O jeito foi montar um restaurante no quintal de casa. O problema é que já existe o temor de as águas também atingirem a residência no futuro.

"Fiz agora barreira de contenção com galhos e sacos de areia. Não posso usar tijolo por causa da nossa lei de conservação ambiental. Só que cada ressaca está ‘comendo’ uns 12 metros de areia. A maré, inclusive, continua chegando no barranco", diz.

A casa onde ele vive com a mulher e três filhos estava a cerca 200 metros da beira d’água, mas o mar já avançou. "Agora, são só 30 metros de distância. Atrás é manguezal e rio. Não tenho para onde ir e, daqui uns três anos, minha casa também já era".

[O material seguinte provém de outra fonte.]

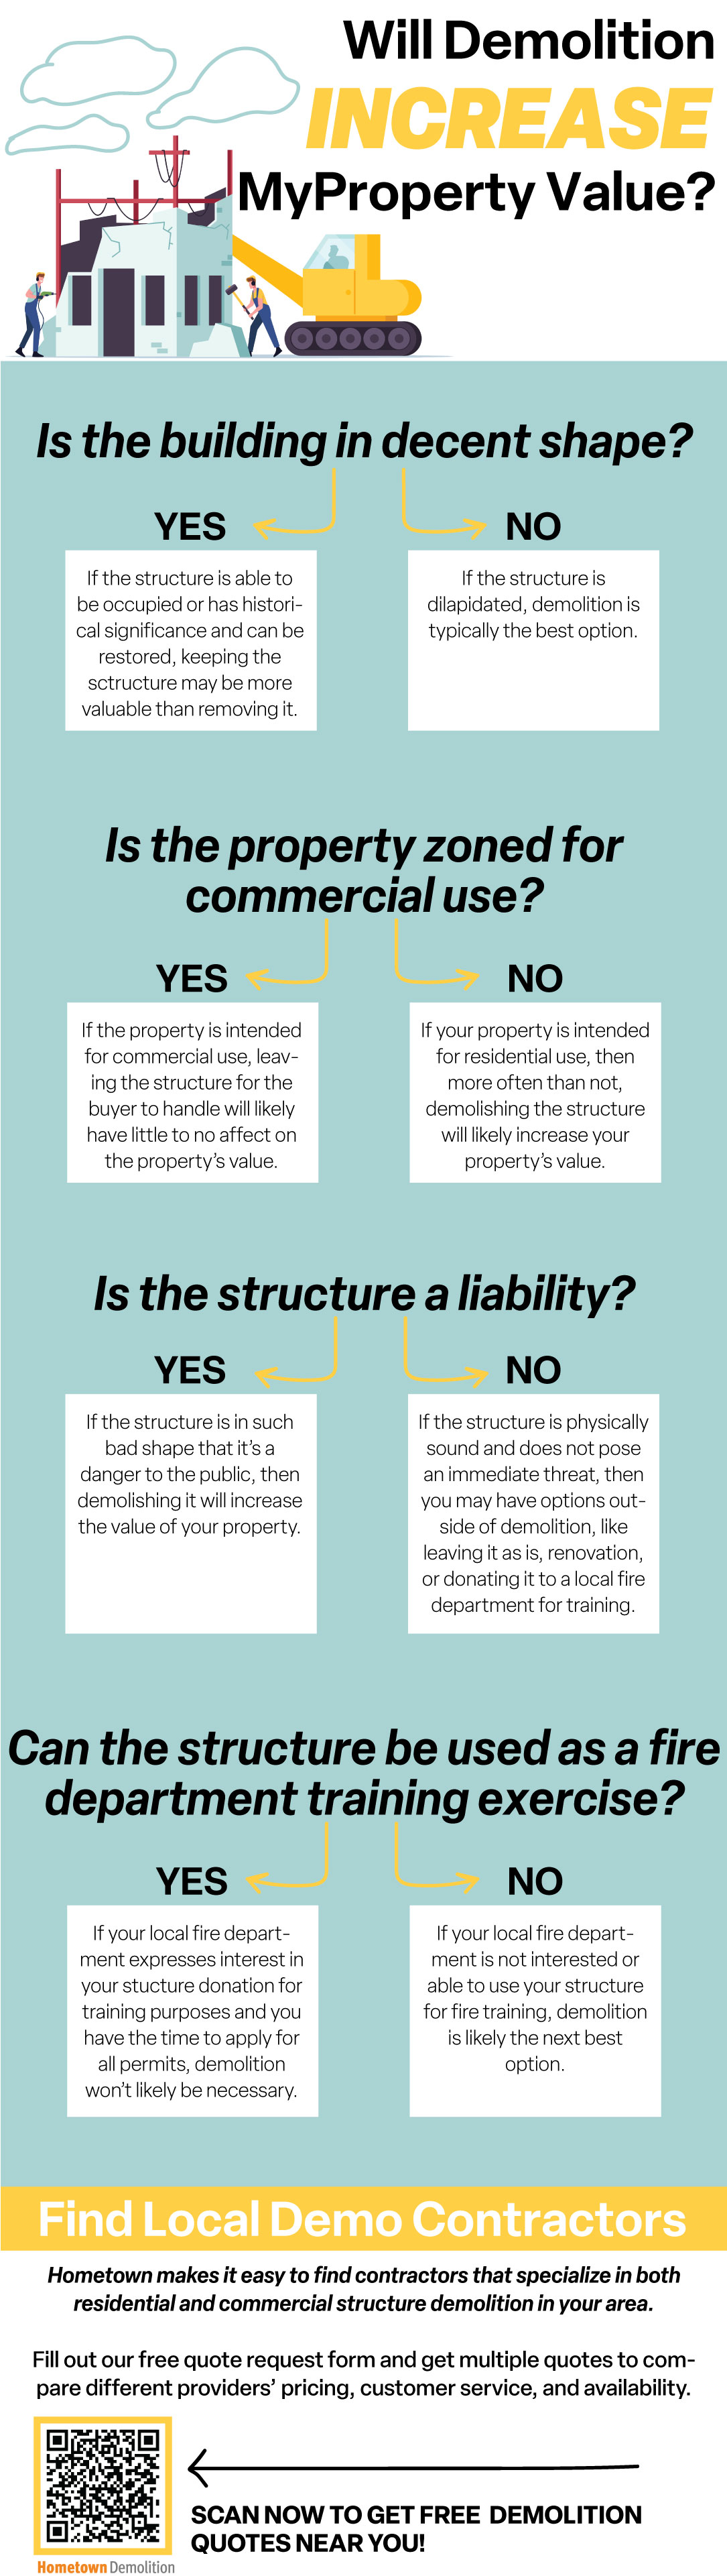 Will Demolition Increase My Property Value? infographic

O primo de Tiago, Vitor Fernandes Neves, segue sem seu comércio. "O quiosque era minha única fonte de renda", lamenta ele, que é casado e pai de dois filhos. Toda a estrutura do Quiosque Porto Açaí ruiu. "Isso é a vida da gente."

Ele, que mora na localidade desde o nascimento, há 29 anos, conhece as instabilidades do tempo e diz acreditar que uma nova ressaca forte ainda virá em outubro —a depender da atração gravitacional exercida pela Lua na maré. Vitor, porém, não espera de braços cruzados: começará a erguer um quiosque mais longe do alcance da água.

"Estou tendo alguns apoios para levantar entre R$ 10 mil ou R$ 15 mil e recomeçar", comenta. "A intenção é atender já em novembro para pegar toda a temporada de verão dos turistas."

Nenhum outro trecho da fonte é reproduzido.